We hatched a total of 58,062 larvae from 83,368 eggs, of which 57,697 were Ae. j. japonicus, 351 were Ae. triseriatus, 4 were Anopheles quadrimaculatus, and estimated fewer than 10 were Cx. restuans. Thus, at least 69% of the eggs we collected were Ae. j. japonicus, but this did not significantly vary with treatment, and site and trial random variance components were relatively low for this parameter compared with their contributions in the model for total eggs or total Ae. j. japonicus hatch (Table 2).
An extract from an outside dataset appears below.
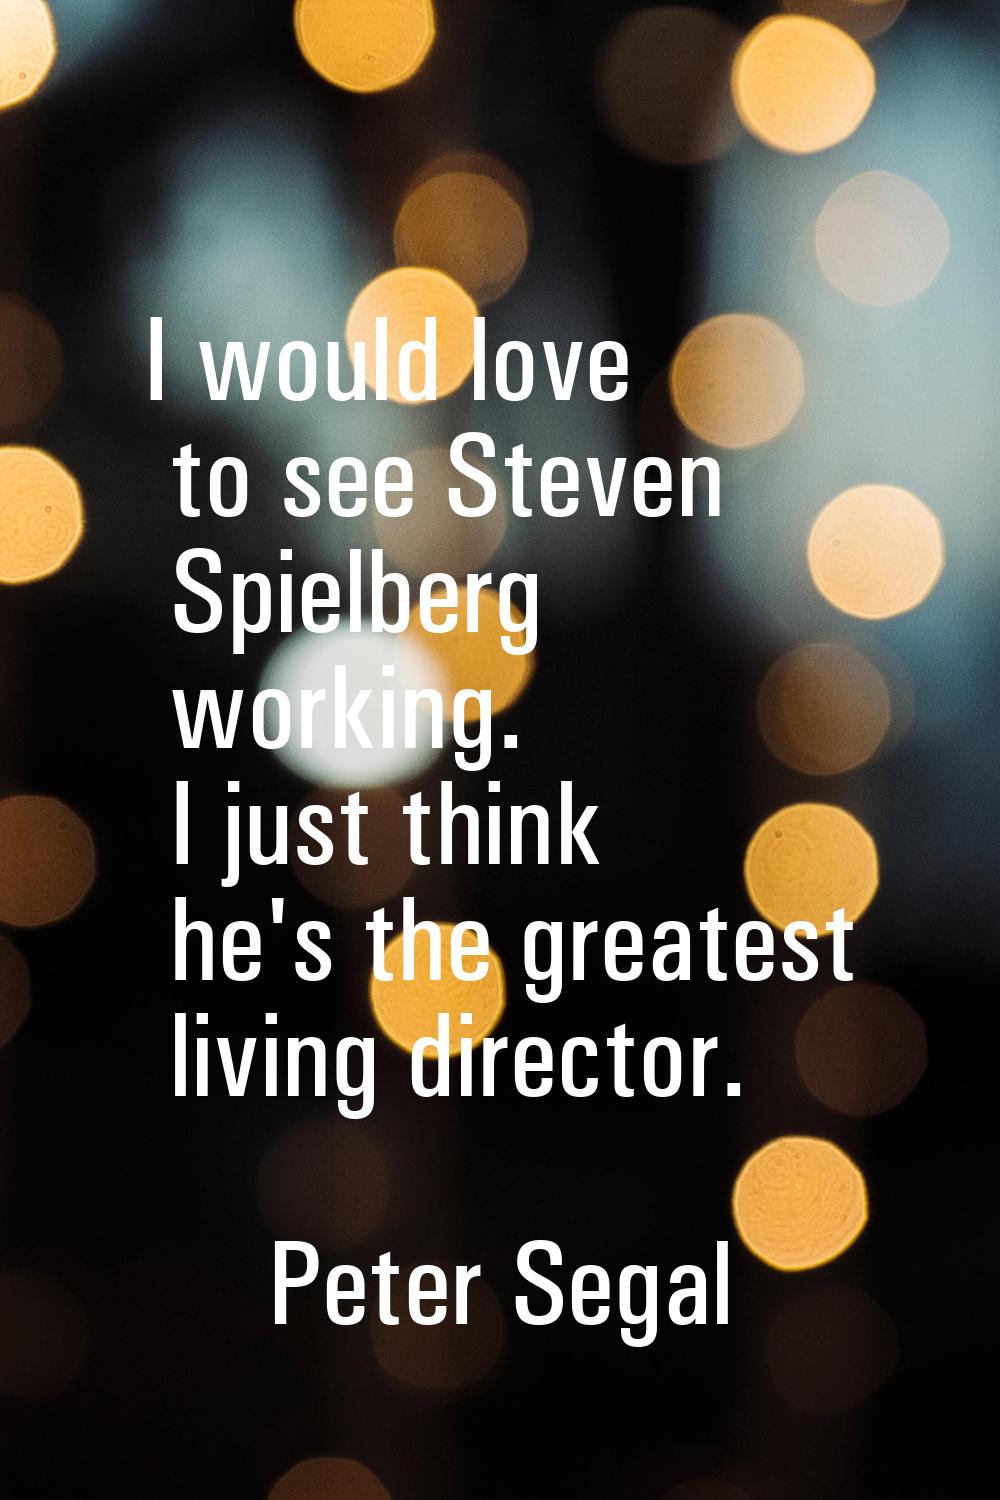 I would love to see Steven Spielberg working. I just think he's the greatest living director.

The number of Ae. j. japonicus larvae hatched closely tracked the number of eggs collected (linear regression slope = 0.85; r2 = 0.94; P = <0.0001; data not illustrated).
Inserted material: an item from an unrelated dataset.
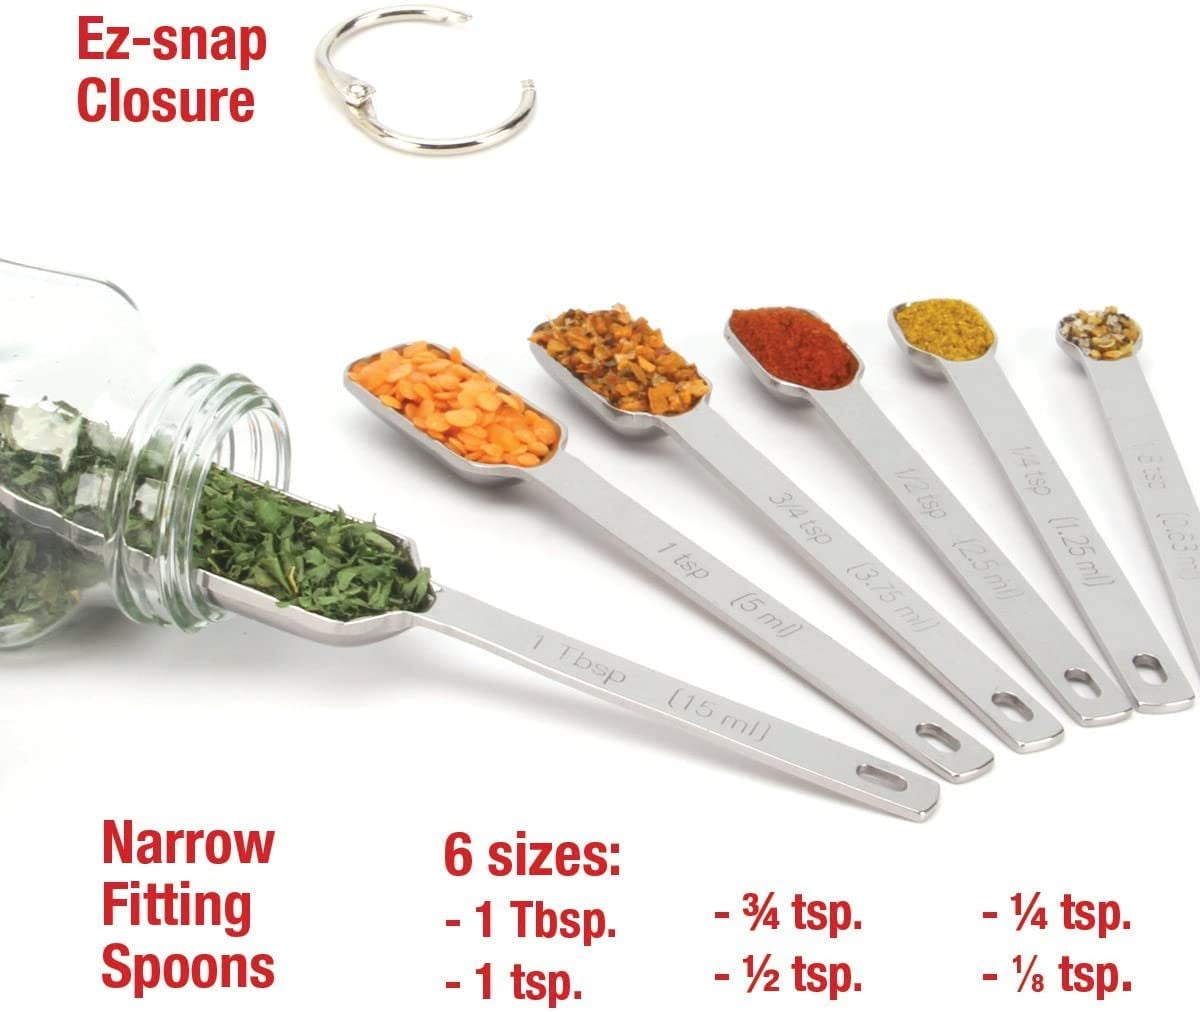 Measuring Spoons, Measuring Spoons Set, AOOSY 7-Piece Heavy Duty Stainless  Steel Tablespoon Measure Spoon,Removable Small Teaspoon for Dry and Liquid

Table 2. Mixed-model analysis results for shade treatment effect on total egg numbers, numbers of Ae. j. japonicus hatched (both variables log-transformed), and proportion Ae. j. japonicus hatched (arcsine-square root transformed).

Fixed effect (shade treatment)
Random effects variance component estimates (% total)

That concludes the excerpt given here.